Bref, les deux concepts fondateurs du freudisme (l’inconscient et lorigine sexuelle des traumatismes)sont des impostures ou, plus précisément, des fabulations.
Par ailleurs, Freud réclame la paternité conceptuelle d’une foule de mécanismes qu’il attribue à l’inconscient et qu’il dit être de nature « énergétique ». En fait, ces mécanismes (déplacement, transfert, sublimation, etc.) sont les mécanismes même du psychisme conscient. Pourquoi créer du « mystère » là où il n’y en a pas et assigner à un concept très fumeux « d’inconscient » toute une mécanique qu’on ne saurait en aucun lieu lui assigner puisqu’on ne le rencontre jamais. (Notez que je ne nie pas l’existence légitime d’inconscient, mais il s’agit d’une dimension autrement plus vaste que le petit concept étriqué que Freud met de l’avant).

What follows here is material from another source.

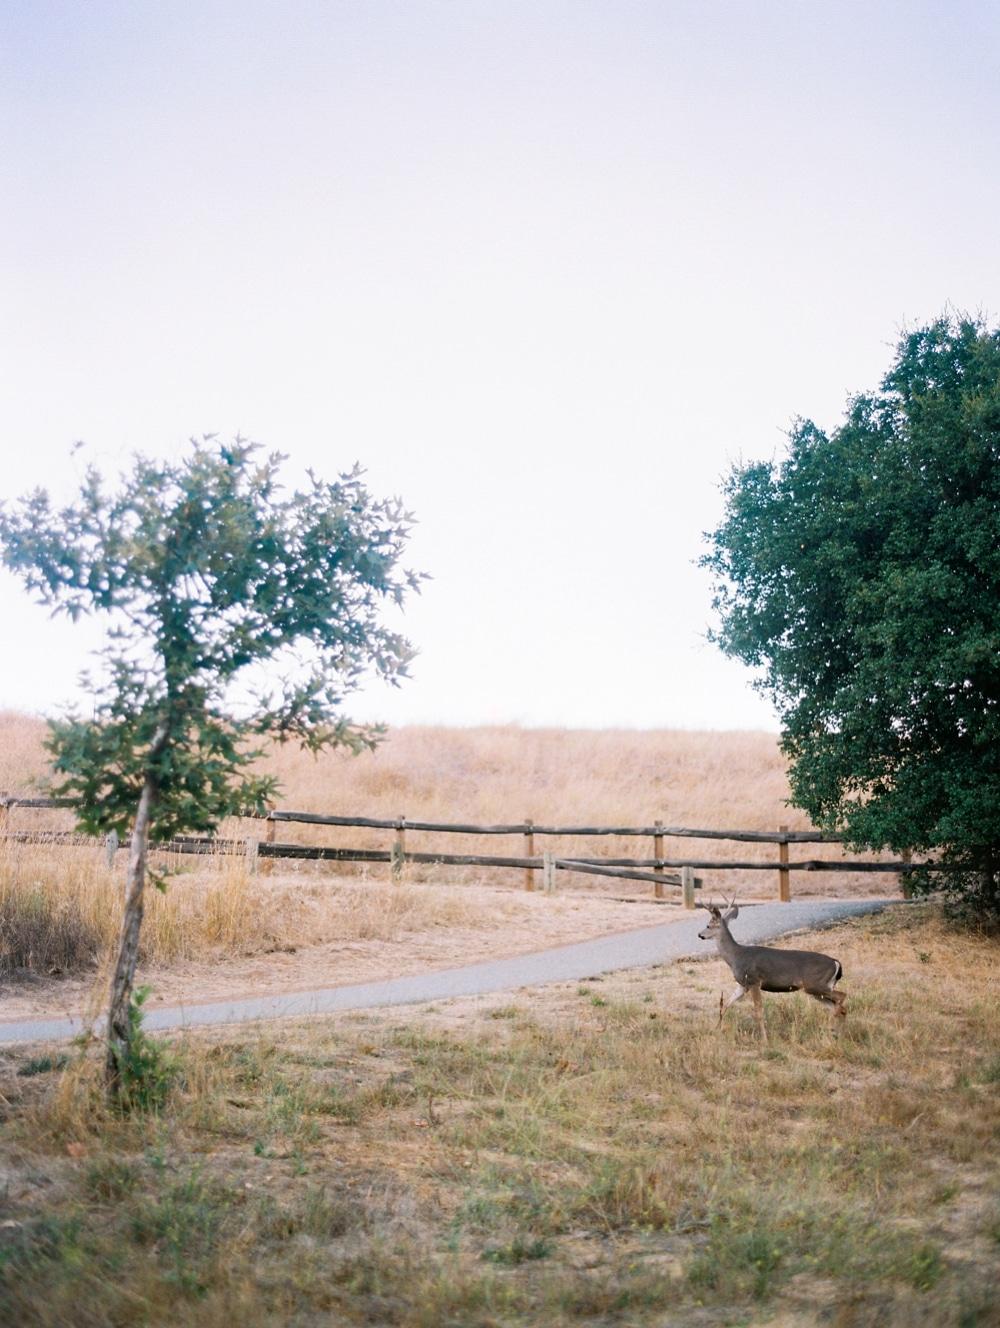 Kristin-La-Voie-Photography-california-wedding-photographer-dog-session-rancho-san-antonio-los-altos-17

Certes, en cherchant un peu, on peut assigner quelques originalités à Freud, par exemple, sa découverte de la sexualité infantile. Mais là encore, il imprègne à un phénomène mieux identifié sous le nom d’érotisme infantile son obsession sexuelle particulière.
Finalement, je caractérise Freud comme un pygmée intellectuel et scientifique dont le cadavre a été pour moi enterré il y a belle lurette. Mais il y a deux questions-clé que soulève le « phénomène Freud » : pourquoi cette fable freudienne a-t-elle eu une telle faveur, dont l’ampleur est inversement proportionnelle à la richesse scientifique de ses élucubrations? Et surtout, pourquoi les concepts et les idées freudiennes continuent-elles d’opérer encore à notre époque encore, même si le corpus théorique de Freud a été si abondamment désavoué. Car les idées de Freud ont imprégné tous les niveaux de notre organisation sociale et continue d’y opérer d’une façon invisible et souterraine. Quelles sont ces influences encore si virulentes?
Ce sont des questions auxquelles je tenterai de répondre la semaine prochaine. Entre temps, j’invite les réponses et les propositions de ceux qui me liront.